SUPPLIED DATA >>
──────
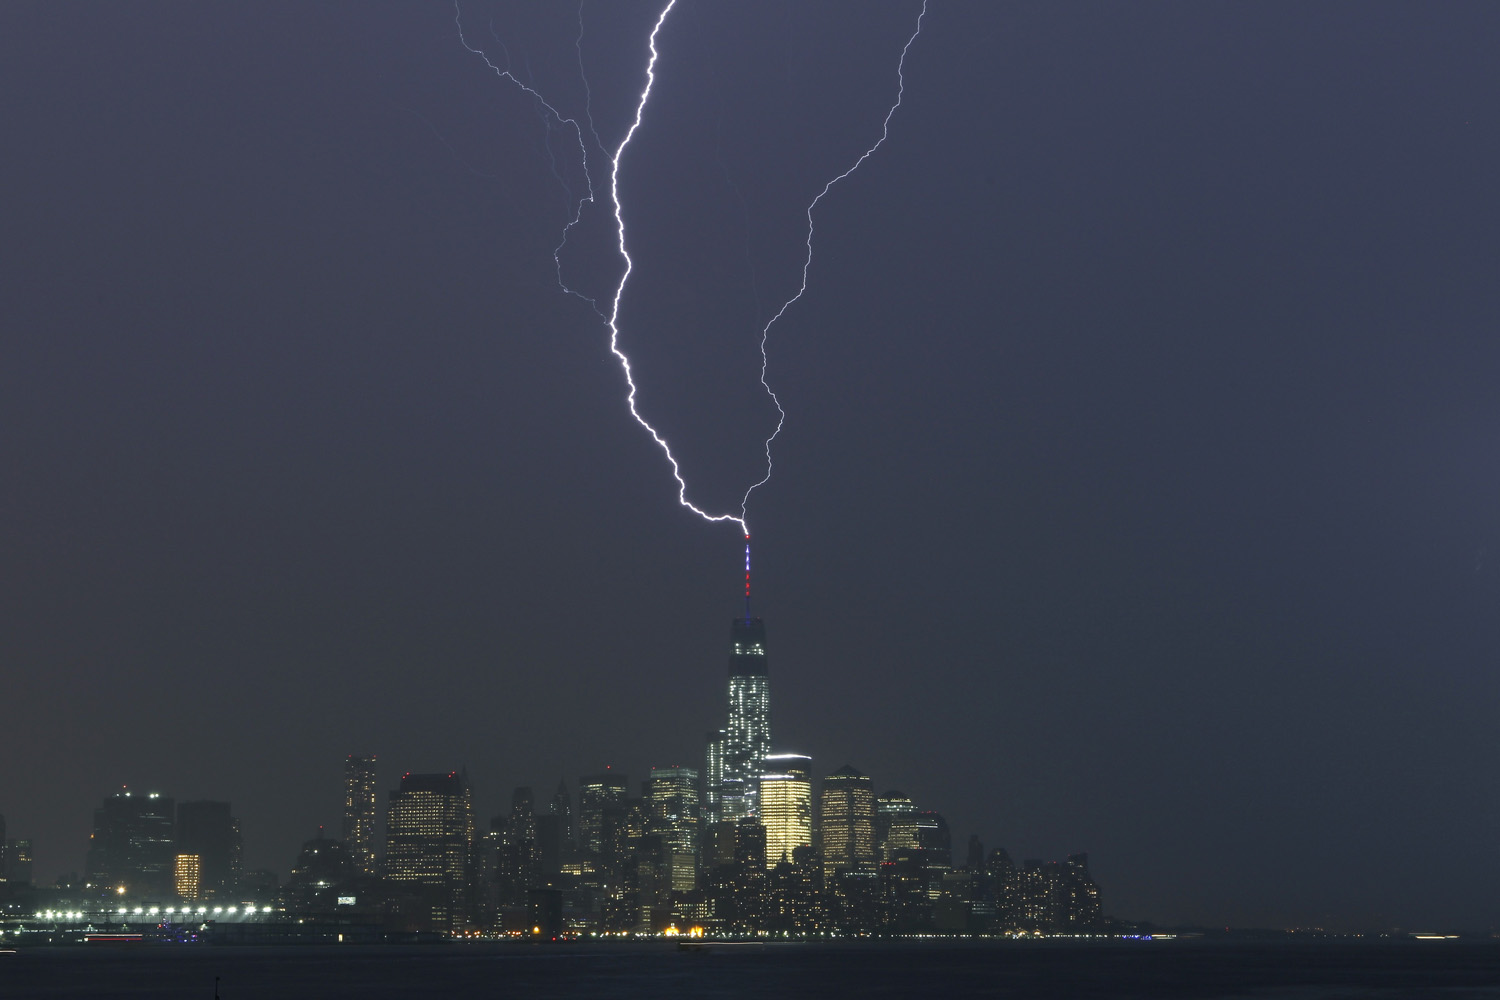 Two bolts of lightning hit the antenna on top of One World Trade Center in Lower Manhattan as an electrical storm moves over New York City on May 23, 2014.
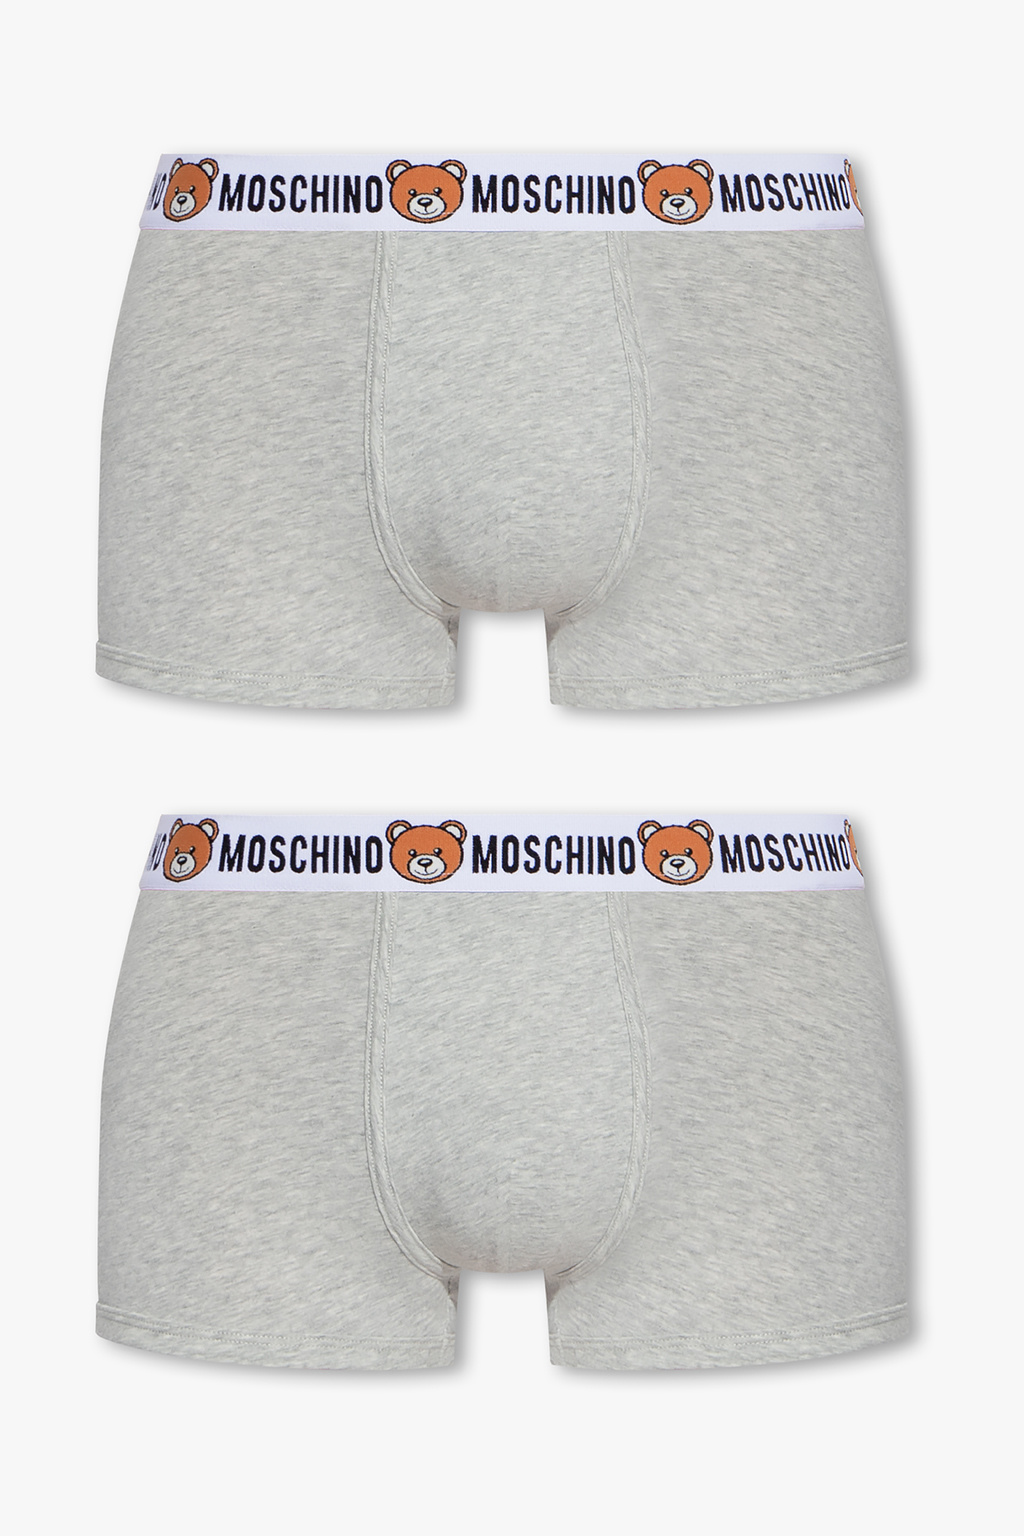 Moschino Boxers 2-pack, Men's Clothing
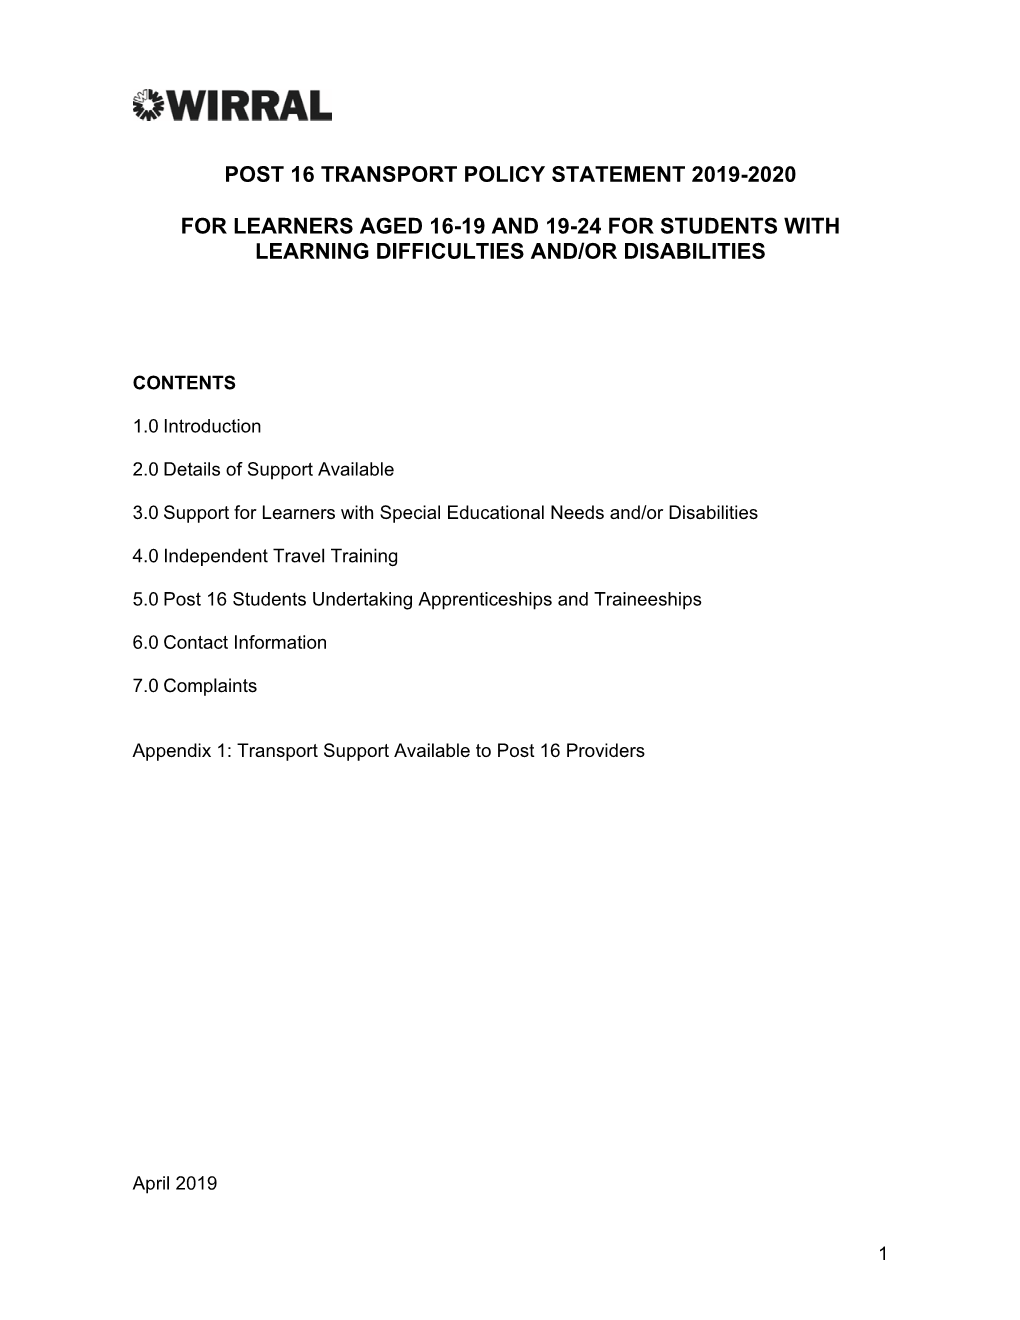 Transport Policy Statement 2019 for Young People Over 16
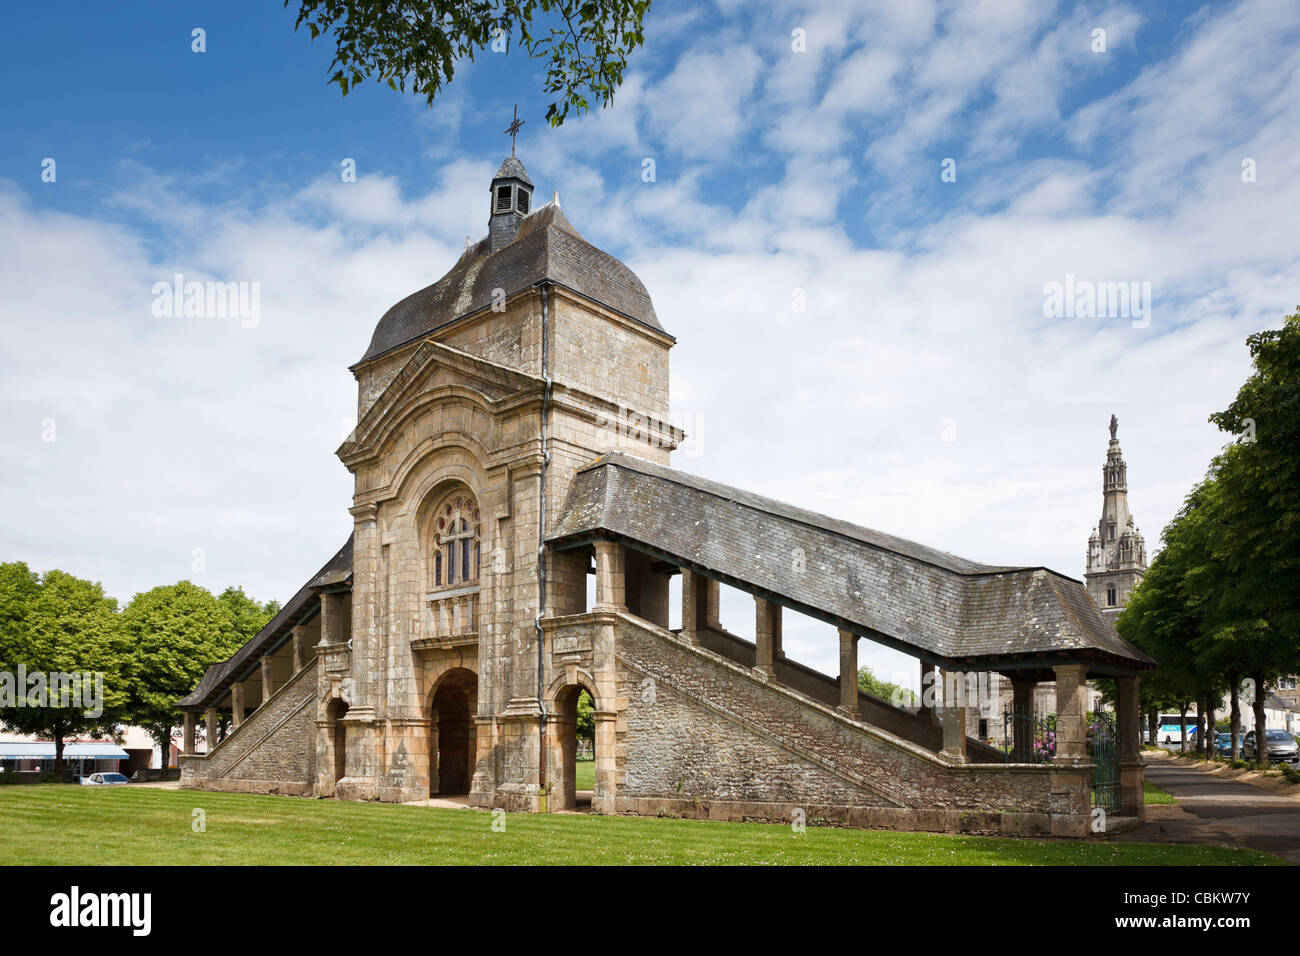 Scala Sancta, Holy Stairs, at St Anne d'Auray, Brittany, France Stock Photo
──────
EXERCISE REQUIREMENTS >>
From the line containing "Transport Policy Statement" to the last line of the material, every line is to be reproduced exactly. No picture belongs in the copy.

REPLY >>
 Transport Policy Statement 2019 for Young People Over 16
 Scala Sancta, Holy Stairs, at St Anne d'Auray, Brittany, France Stock Photo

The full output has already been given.